--- COLLECTED MATERIAL Enclosed Below ---

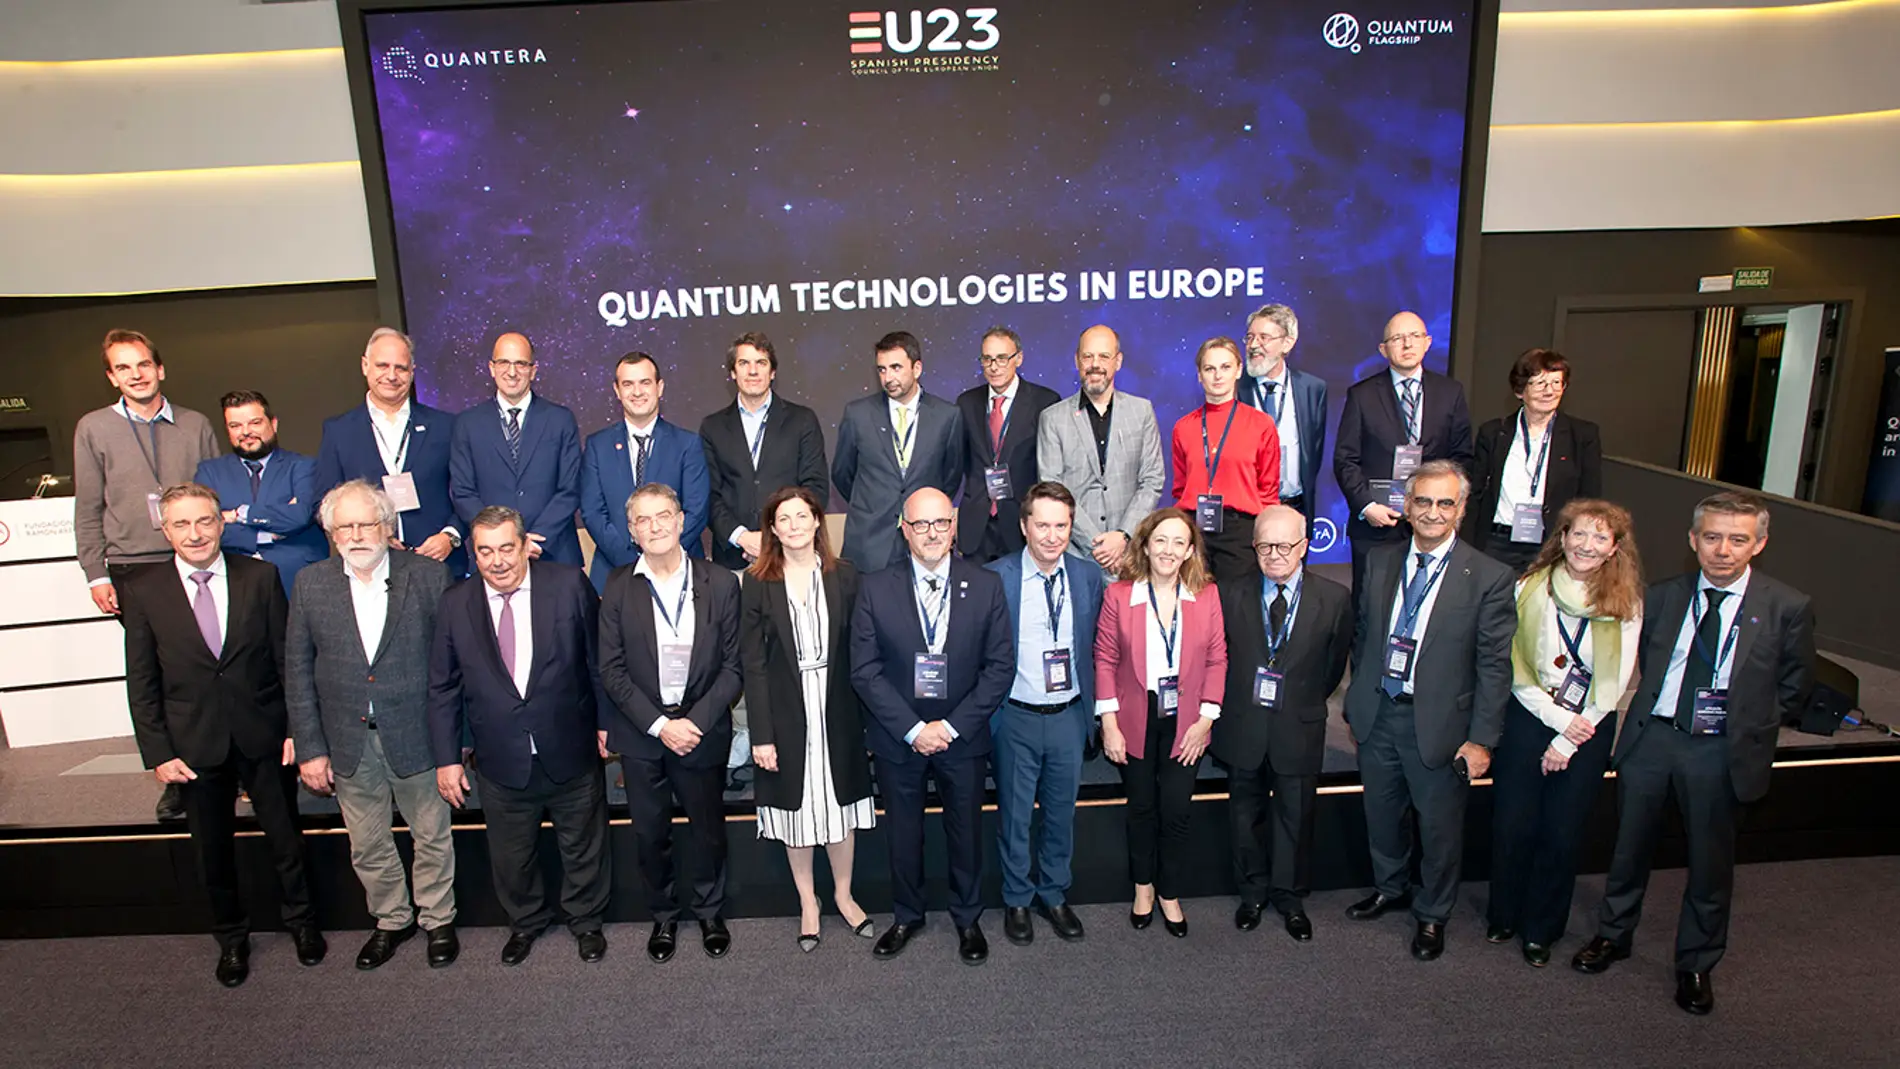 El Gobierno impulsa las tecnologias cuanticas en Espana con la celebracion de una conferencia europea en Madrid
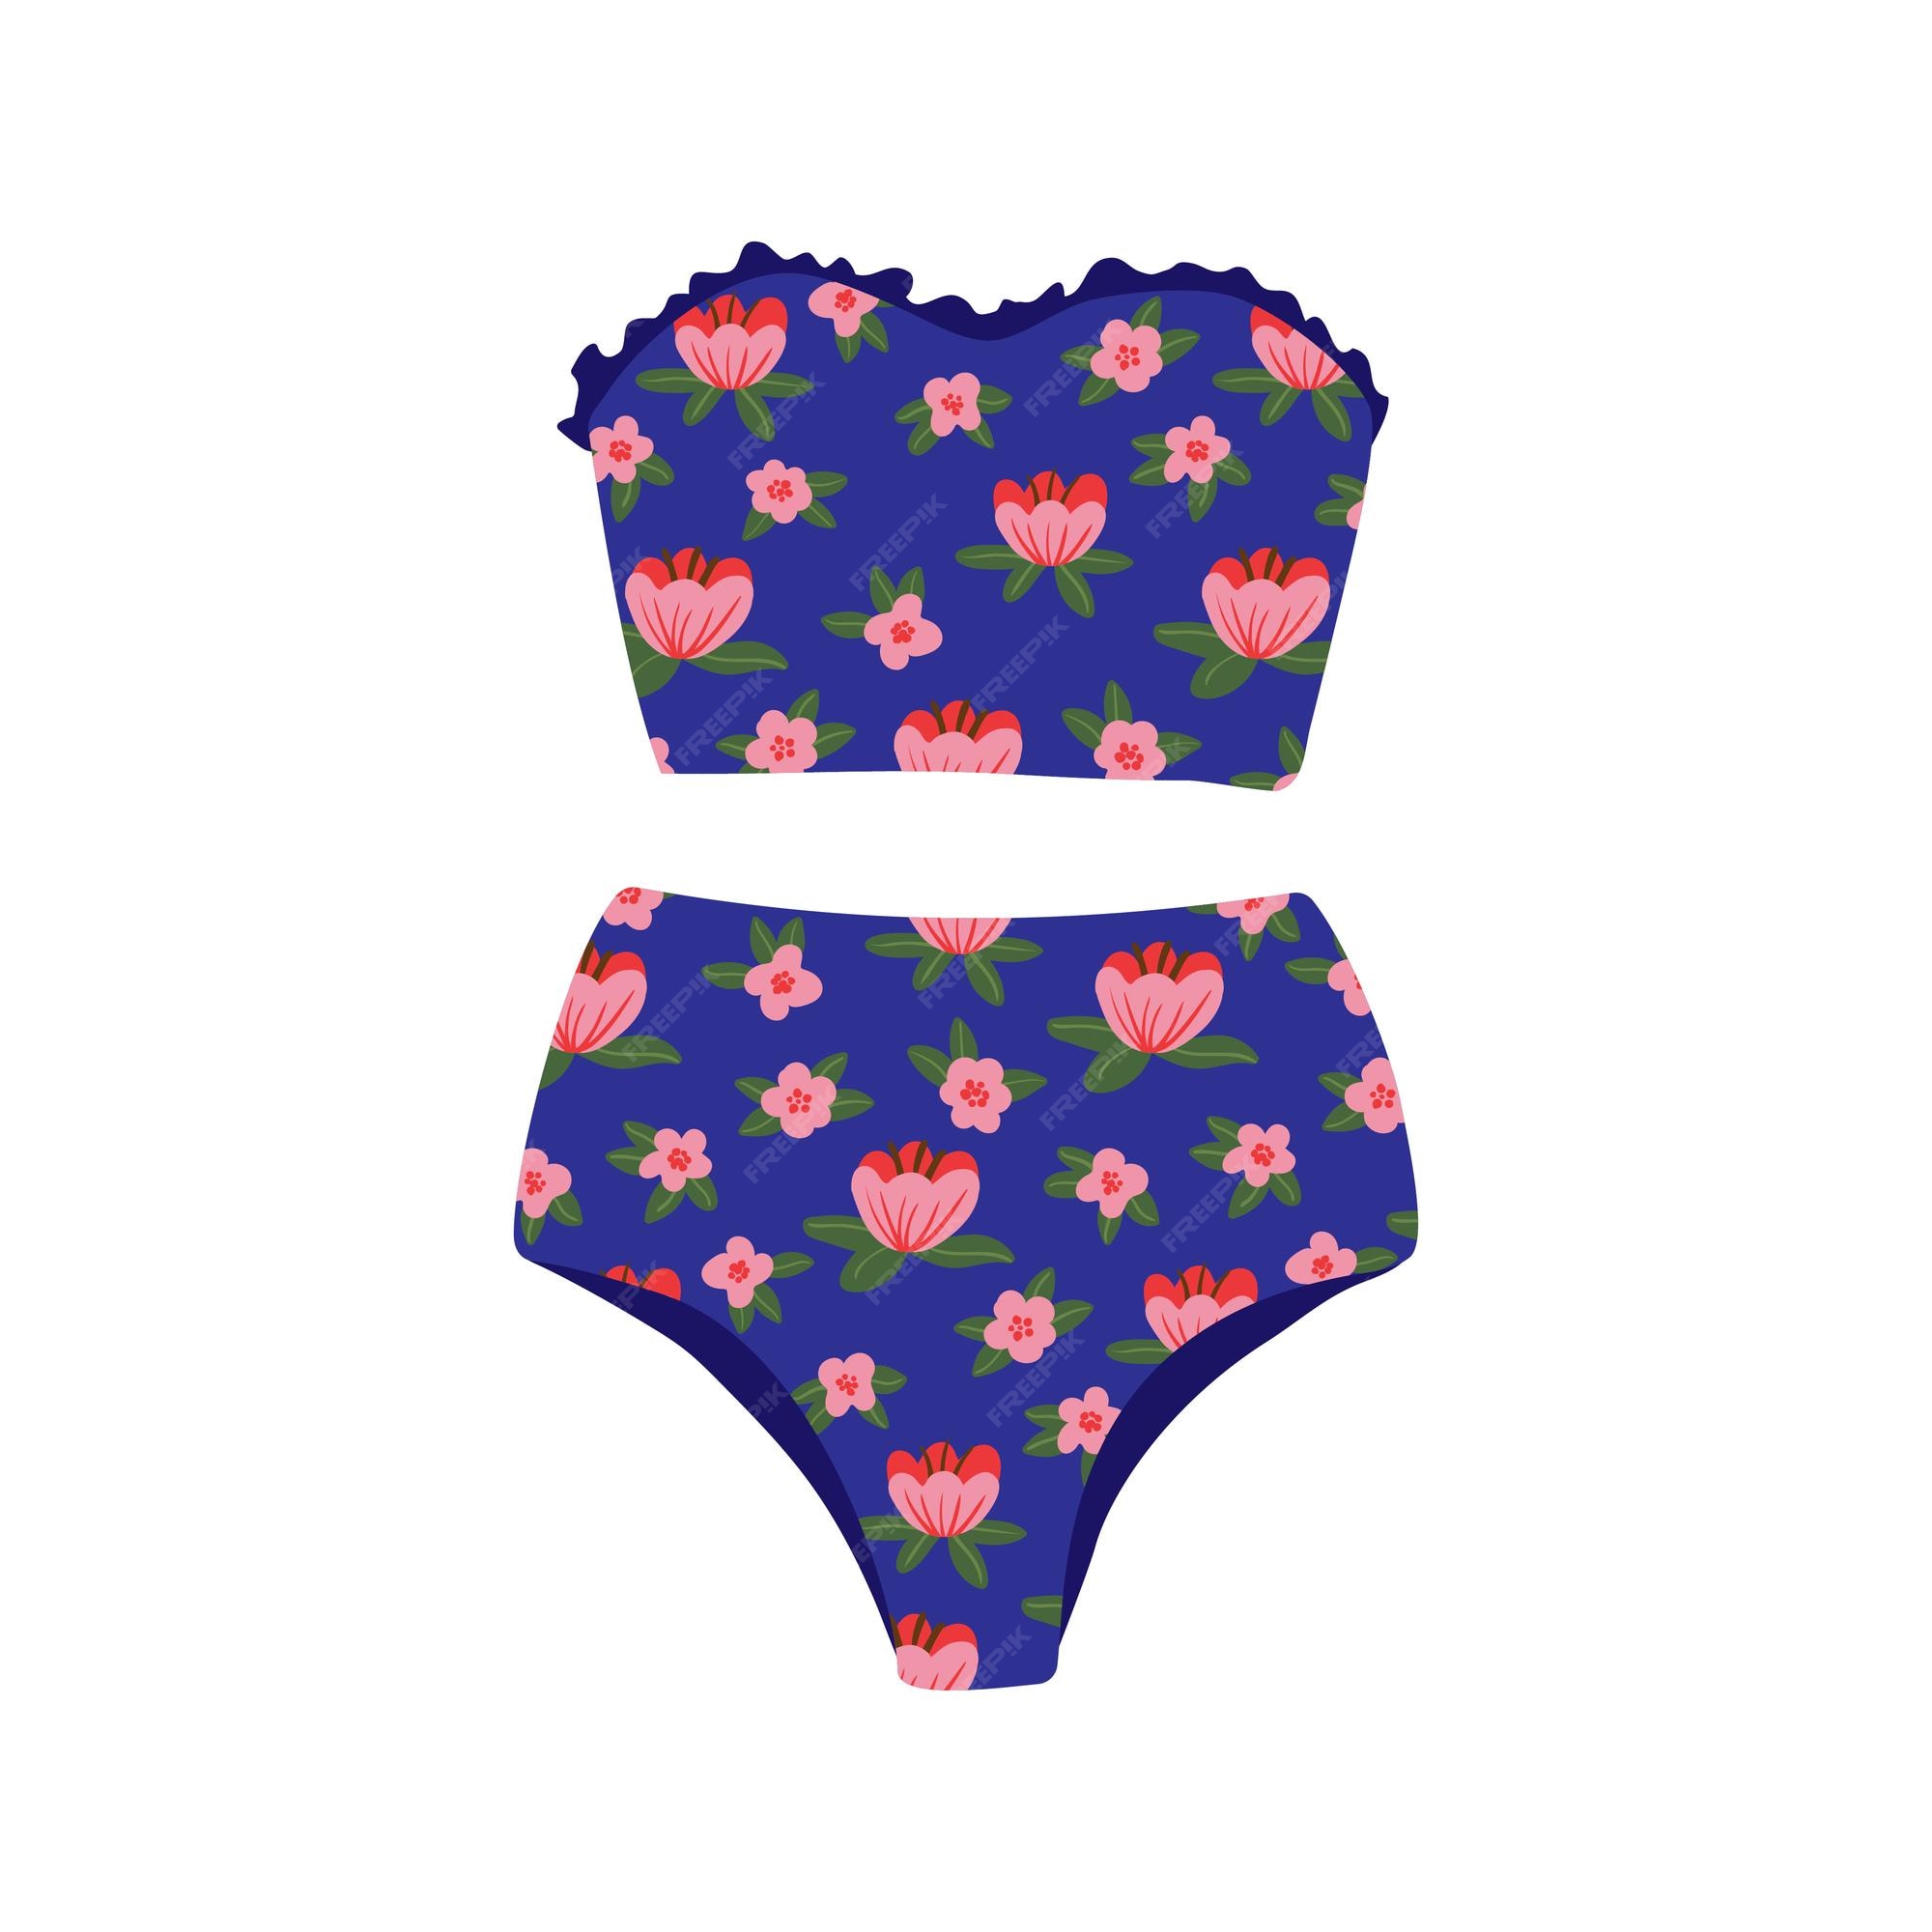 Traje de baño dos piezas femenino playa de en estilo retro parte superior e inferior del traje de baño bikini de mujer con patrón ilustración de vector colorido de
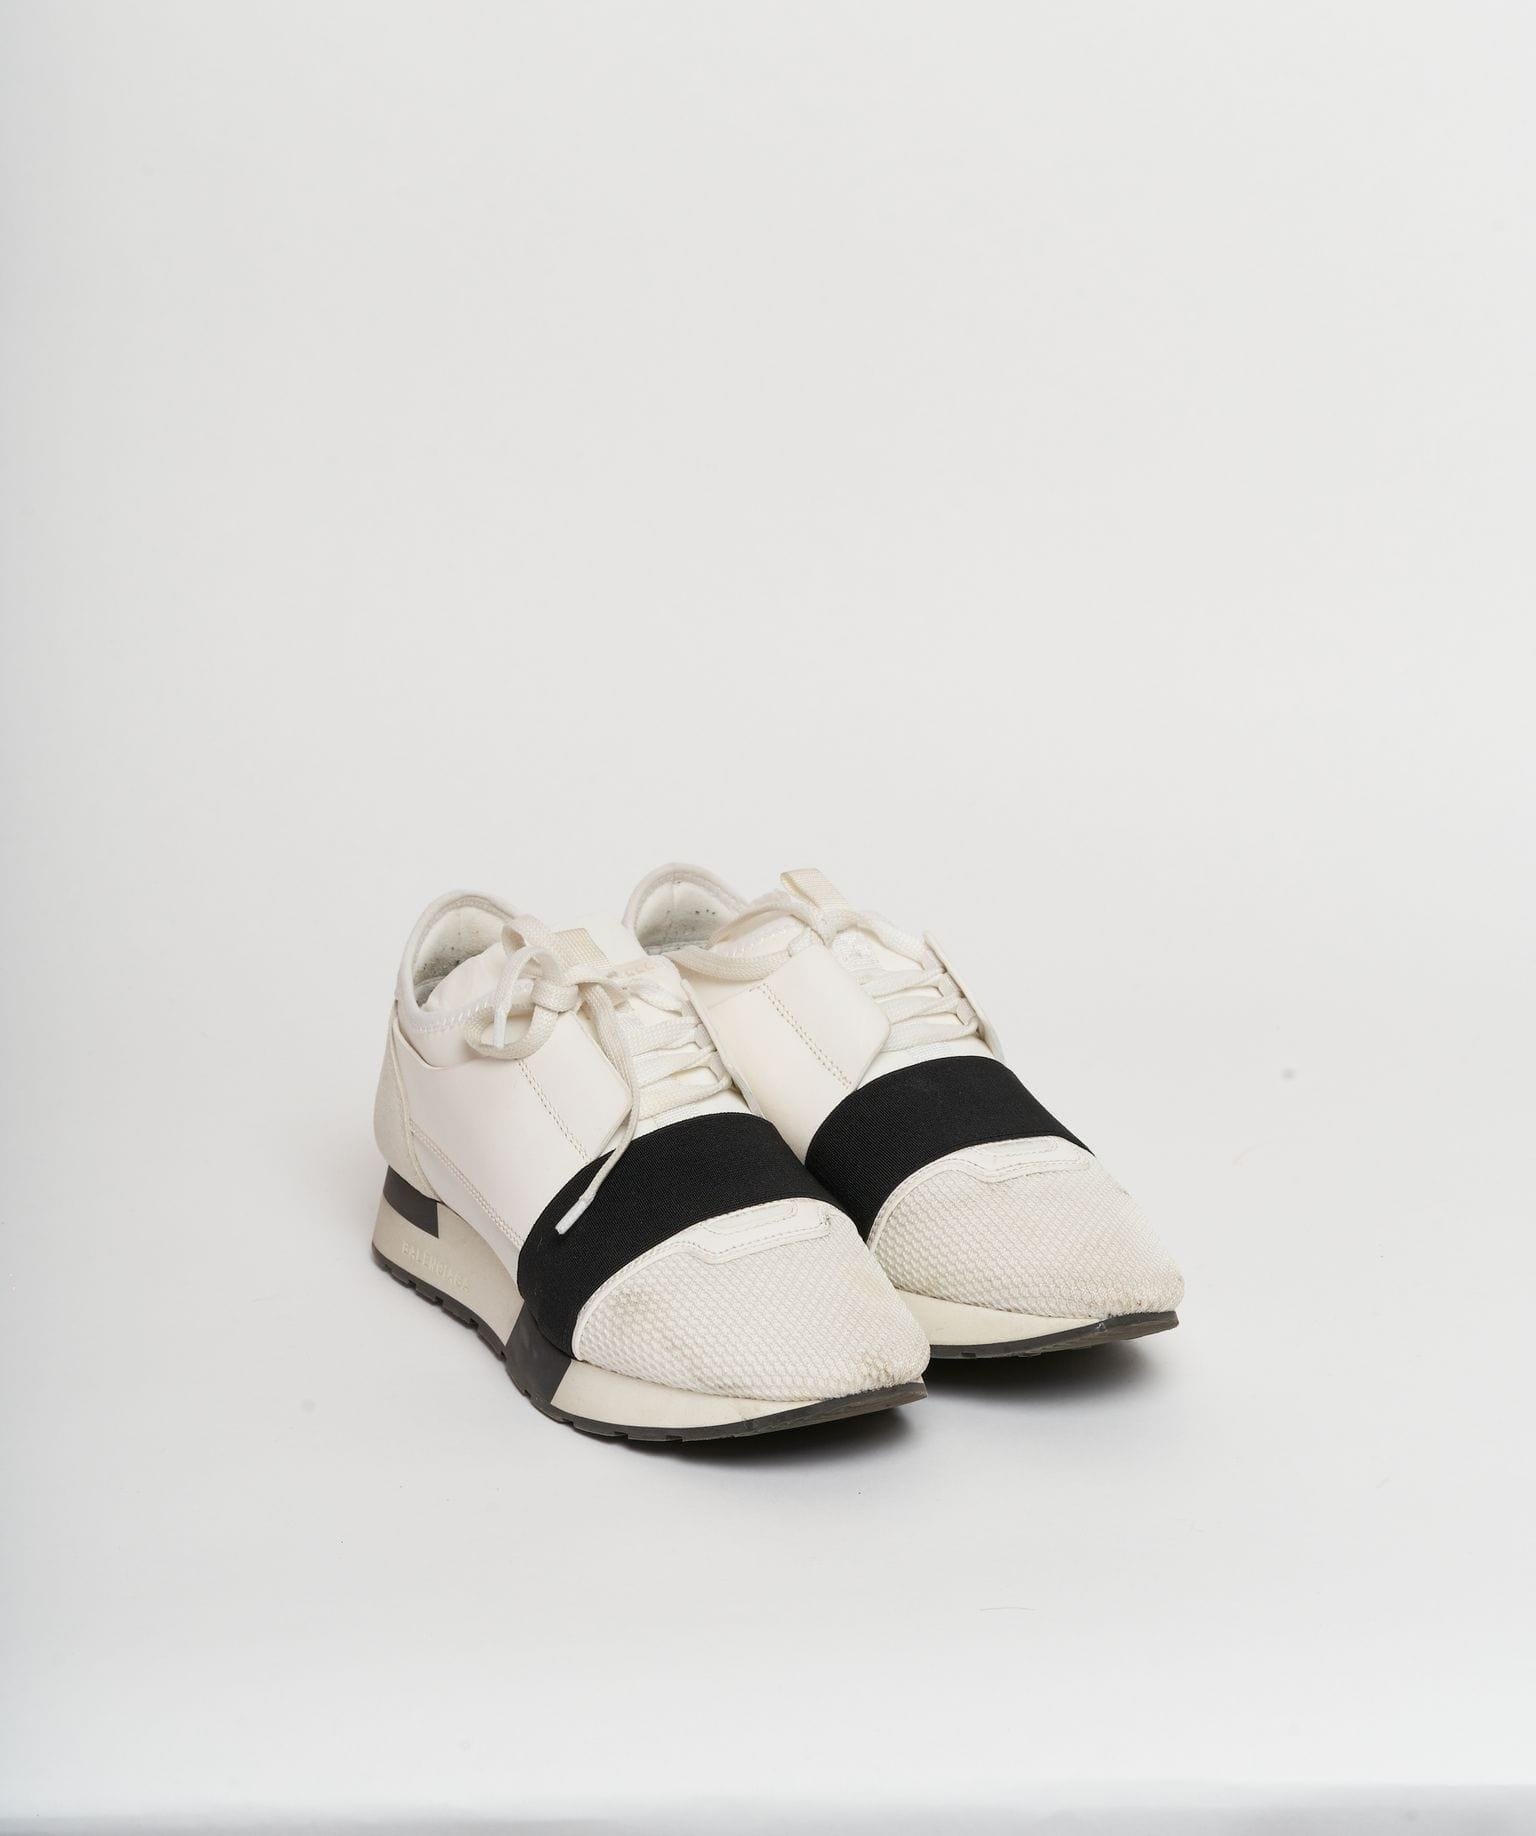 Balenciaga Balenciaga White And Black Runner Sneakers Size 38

--- End of Enclosed COLLECTED MATERIAL ---

THE TASK
When copying, output the data exactly and leave out the pictures.

YOUR SOLUTION
 El Gobierno impulsa las tecnologias cuanticas en Espana con la celebracion de una conferencia europea en Madrid
 Traje de baño dos piezas femenino playa de en estilo retro parte superior e inferior del traje de baño bikini de mujer con patrón ilustración de vector colorido de
 Balenciaga Balenciaga White And Black Runner Sneakers Size 38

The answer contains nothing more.